The library at Adult Growth Experience day program looks like any other classroom, with bookshelves of well-used short stories lining the walls, mats covering the floors and a neatly written chalkboard containing the day’s math lesson.
The only difference is the students, who range from age 22 to 79 and have cerebral palsy. Some can grasp items, some can rise out of their wheelchairs with a helping hand, but most are severely incapacitated as a result of prenatal brain damage.
For United Cerebral Palsy of Sacramento and Northern California clients like Jody Norwood, a nonverbal woman in her 60s, Adult Growth Experience Programs offer a chance to be surrounded by people who can understand her, attend to her needs and teach daily lessons.
UCP officials have asked Book of Dreams readers to help buy a virtual reality hub from local nonprofit Gamers Gift to help Norwood and other program participants be able to travel the world from the middle of the North Highlands campus’s library.
Never miss a local story.
You think of a body that’s not cooperating, but your mind is there and you’re having all these hopes and dreams and wanting to do things.

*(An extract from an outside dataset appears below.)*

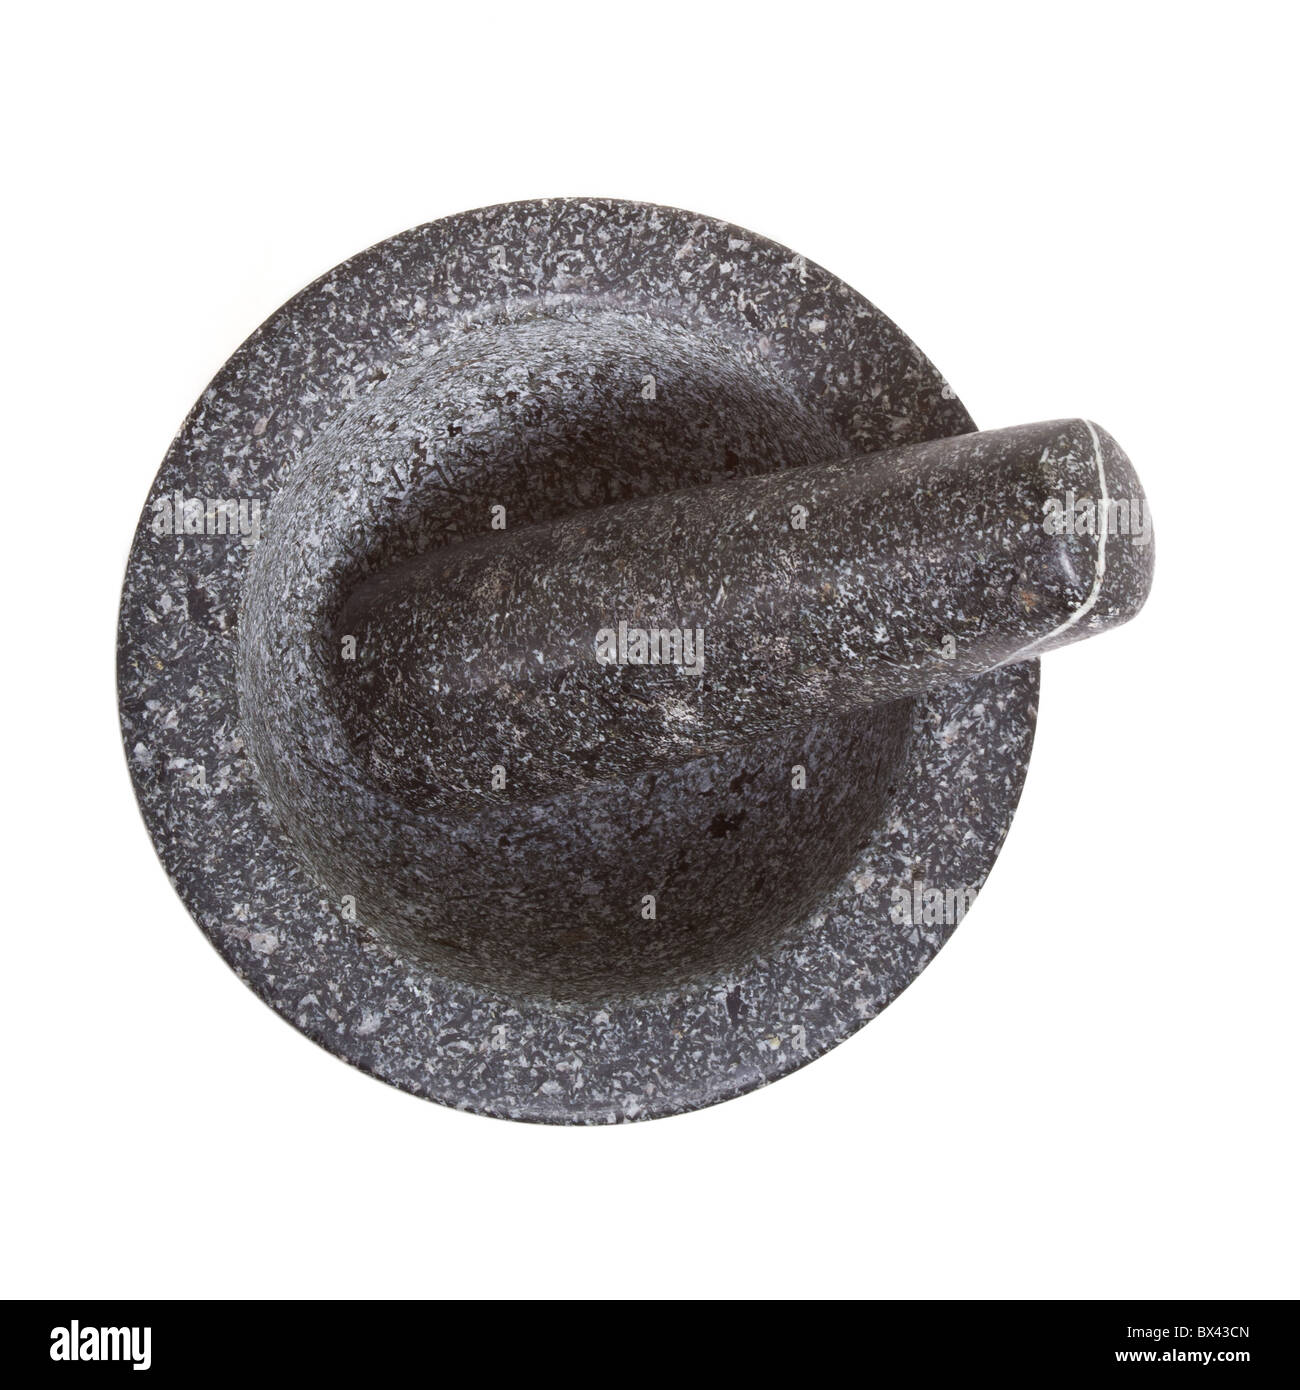 Veined Granite Mortar and Pestle isolated on white background. Stock Photo

Chris Dorsey, Adult Growth Experience day program director
“You think of a body that’s not cooperating, but your mind is there and you’re having all these hopes and dreams and wanting to do things,” said Chris Dorsey, program director. “(Virtual reality) is a window to get them out of their chair. An opportunity to do things and see things, learn things.”
Virtual reality floods users’ visual fields with an artificial scenario, such as skiing a snow-covered mountain or traversing the Australian outback. On test runs using Gamers Gift equipment, UCP-Sacramento clients rode roller coasters and scuba dived through the tropics, delighting in every turn. Future plans include mock space exploration and studying French geography, Dorsey said.
Gamers Gift CEO Dillon Hill, 19, knows what it’s like to dive into a fantasy world. When Hill’s best friend Chris Betancourt was diagnosed with leukemia as a fifth-grader, the boys escaped into video games’ make-believe realm, where sterile hospital rooms and nauseating medicines gave way to life as a secret agent in “James Bond 007: Nightfire.”
Hill, with Betancourt and two others, founded Gamers Gift as a senior at Del Campo High School to give others similar outlets. They sold cake pops door-to-door before receiving donations from local businesses and corporations, and have since taken setups to hospitals and assisted living facilities throughout the Sacramento area.
“VR right now, it’s on the brink of being able to change so many lives, and I want to help facilitate that process,” said Hill, who studies cognitive science and managerial economics at UC Davis.
Other adults with disabilities such as autism and Down syndrome who attend Adult Growth Experience would also be able to use the VR system, said Steve Horton, UCP-Sacramento director, though the organization sees the most benefit for those with cerebral palsy.
“It really enlivens their lives,” Horton said. “They get to experience life in a way that their body can cooperate with.”
Needed: Virtual reality goggles, monitor, cameras and software for United Cerebral Palsy of Sacramento and Northern California.